When at last pressure of work made his immediate departure for New York imperative, he had not apparently gained the least ground. But Ethel knew in her heart that she was fascinated, if not in love. The personal fascination was supplemented by a motherly feeling toward Ernest that, sensuous in essence, was in itself not far removed from love. She struggled bravely and with external success against her emotions, never losing sight of the fact that twenty and thirty are fifty.
Increasingly aware of her own weakness, she constantly attempted to lead the conversation into impersonal channels, speaking preferably of his work.

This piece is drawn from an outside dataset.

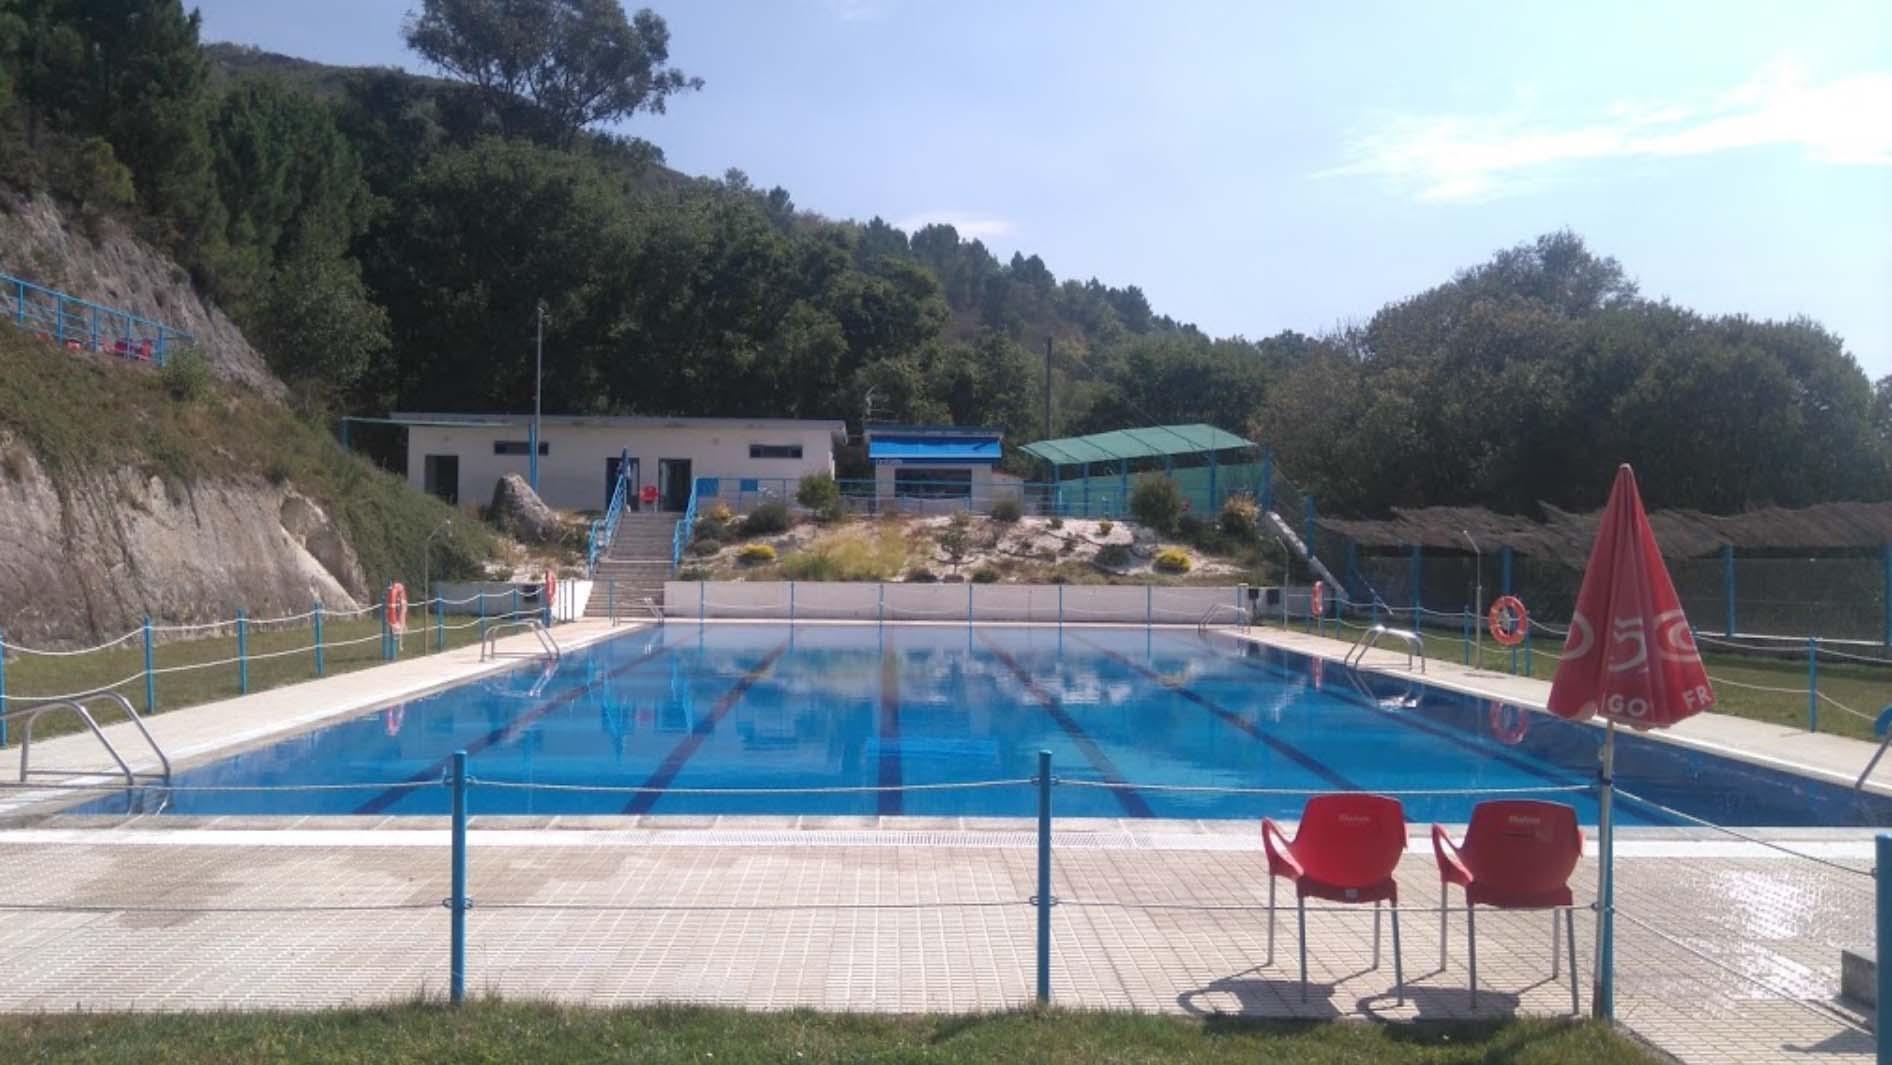 concello-de-esgos-piscinas-municipais-02

“Tell me,” she said, negligently fanning herself, “what new inspiration have you drawn from your stay at the seaside?”
“Why,” he exclaimed enthusiastically, “volumes and volumes of it. I shall write the great novel of my life after I am once more quietly installed at Riverside Drive.”
“The great American novel?” she rejoined.
“Perhaps.”
“Who will be your hero—Clarke?”
There was a slight touch of malice in her words, or rather in the pause between the penultimate word and the last. Ernest detected its presence, and knew that her love for Reginald was dead. Stiff and cold it lay in her heart’s chamber—beside how many others?—all emboxed in the coffin of memory.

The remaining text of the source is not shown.